離開埃亞德小鎮,有大約二十公里的林中馳道,這一段相當平坦,樹木也相當稀疏,很難被作為伏擊地點。
到了快中午的時候,在一個岔路口,商隊停下來休息,馬夫卸下馬匹,讓馬匹吃點草料和飲水,人也要休息。
“比爾少爺,前面有個路口,我建議從左邊走,這條路雖然路況差點,但是呢,會節約至少兩個小時的時間。”克里這時說道。
“為什么不走大道走,我們的馬車怕是不好通過啊。”肖恩質疑道。
“這條路,我都走了二十年,怎么不好通過。走大路,當然好走一些,但你們今晚可能要在林子里過夜了。這是夏天,夜里倒是涼爽,但是晚上的蚊蟲卻很可怕,它們會吸干了馬匹的血。”克里道,“再說你們晚上不想要涼爽的房間,還有爽口的葡萄酒?”
“是啊,老板,克里的說的對,能早點離開這林子,也能早點賺到錢啊。”奎因-埃尼克插話道。
“閉嘴,奎因。你只是我的雇員,沒資格代替我來發號施令。”肖恩罵道。
奎因表情訕訕,卻是很憤怒地將頭扭到一邊。
克里面帶古怪笑容看著肖恩,就像在看一頭肥羊。
肖恩嘆道:“好吧,我們在埃亞德小鎮已經耽誤了兩天,每多一天,我就損失不少錢。克里,那就如你所說,走小道。”

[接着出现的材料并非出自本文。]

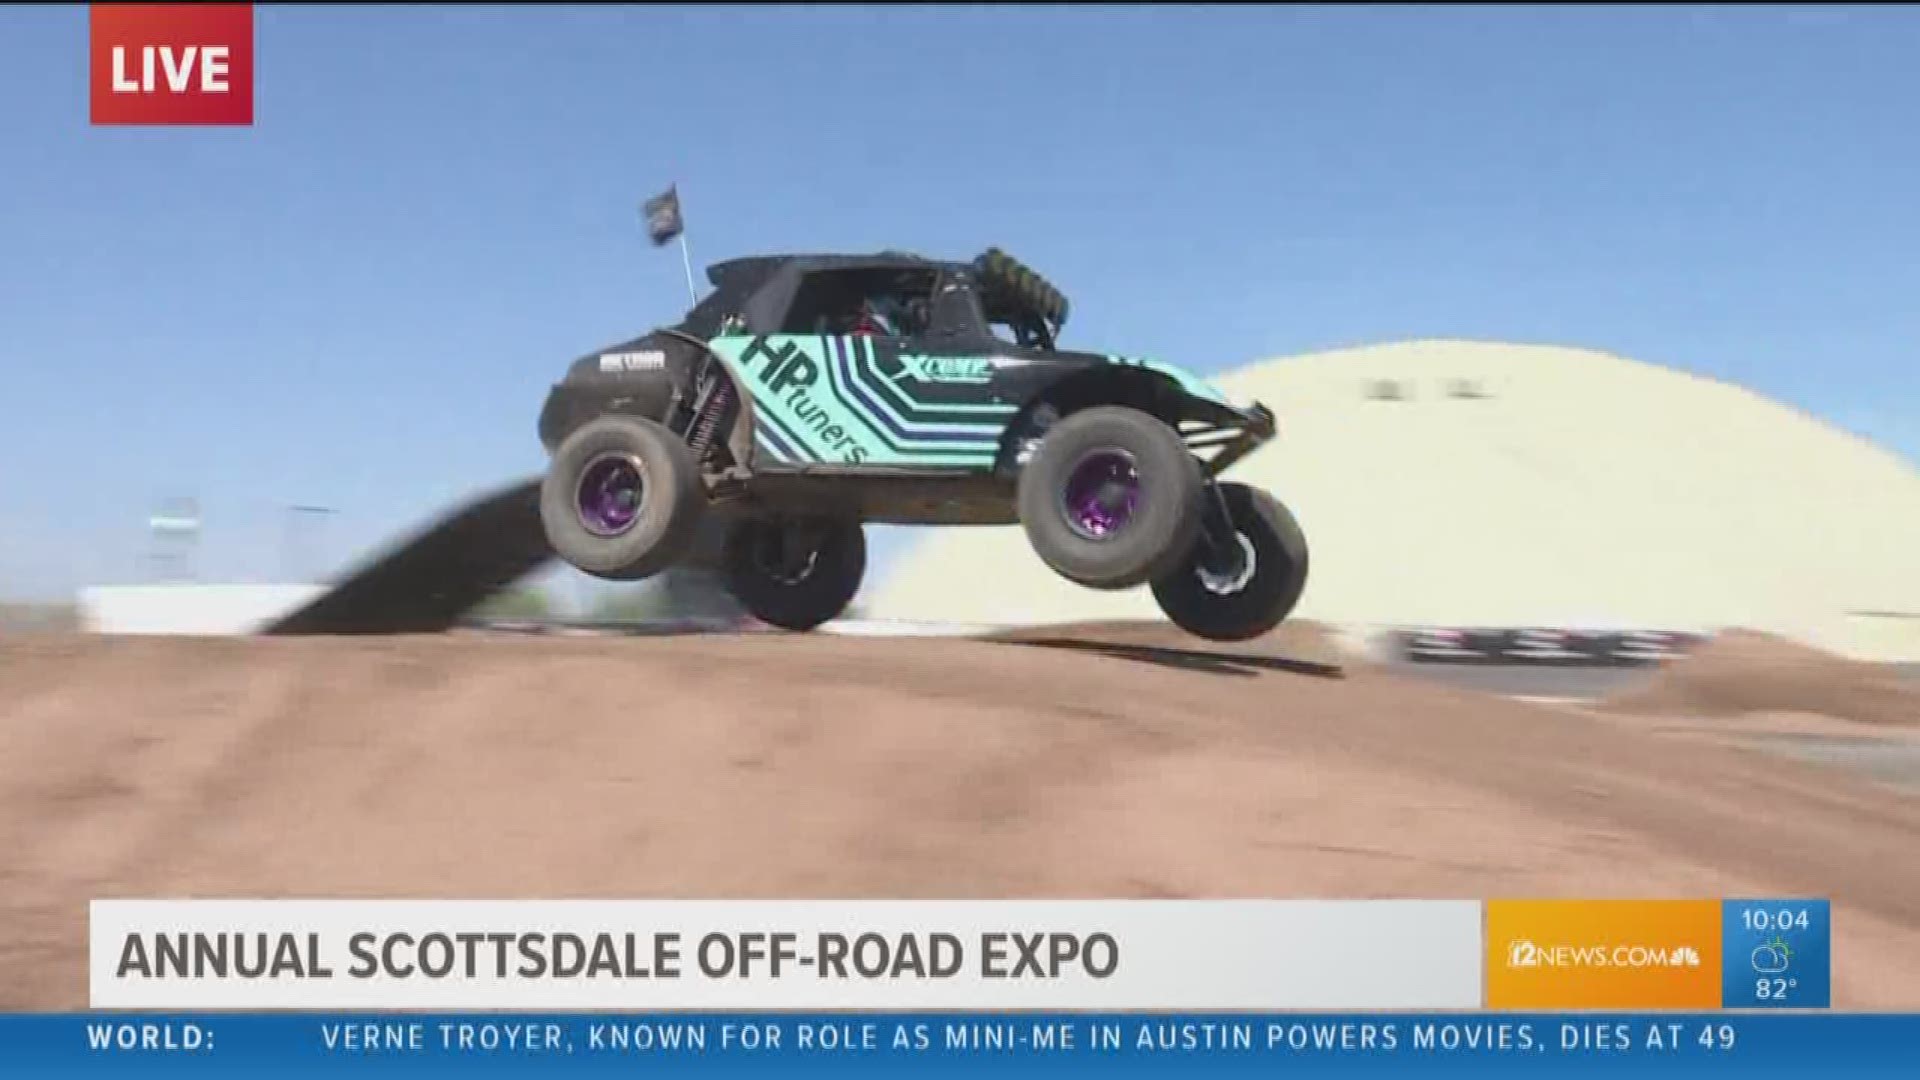 The Annual Scottsdale Off-road Expo is here and Monica Garcia had to experience it.

大約一個小時后,商隊重新出發。肖恩回頭看了一眼騎馬走在最后的奎因,奎因微微點頭,在路口處一株大樹上砍了一刀。
這條小道,還算不錯,一輛馬車可以從容通過。只是兩邊的樹木,越來越稠密,黑黝黝的,看不見對面。
又走了一段路程,肖恩突然停下來問。
“距離下一個小鎮,還有多遠。”
此時已經是下午2點鐘。
“還有4個小時,如果正常行進,天黑前足以抵達。”克里答道。
“我感覺我兩條大腿都磨破了,休息一下吧。”肖恩面色不太好看。
公子哥們總有千萬條稍微偷下懶的理由。
克里臉上鄙夷的神色稍顯即逝,為難道:“那這樣的話,我們可能很難在天黑前抵達。”
“那就在這里過夜吧,反正我是不想再騎馬了,我得緩一緩。”肖恩道。
他命人卸下馬具,就地扎下帳篷。
奎因笑道:“比爾少爺,反正我們是按天計酬,我們可不在乎停多久。”
另幾個伙計都是油腔滑調之輩,也附和著。
“奎因,閉上你的鳥嘴吧,我不需要你提醒。”肖恩沒好氣地回道。
克里見肖恩等人心意已決,也不再糾纏,坐在一邊抽著煙斗。
這里是密林中難得的開闊之地,一邊是密布巨石和齊腰高雜草的河灘,另一邊300步外是密林。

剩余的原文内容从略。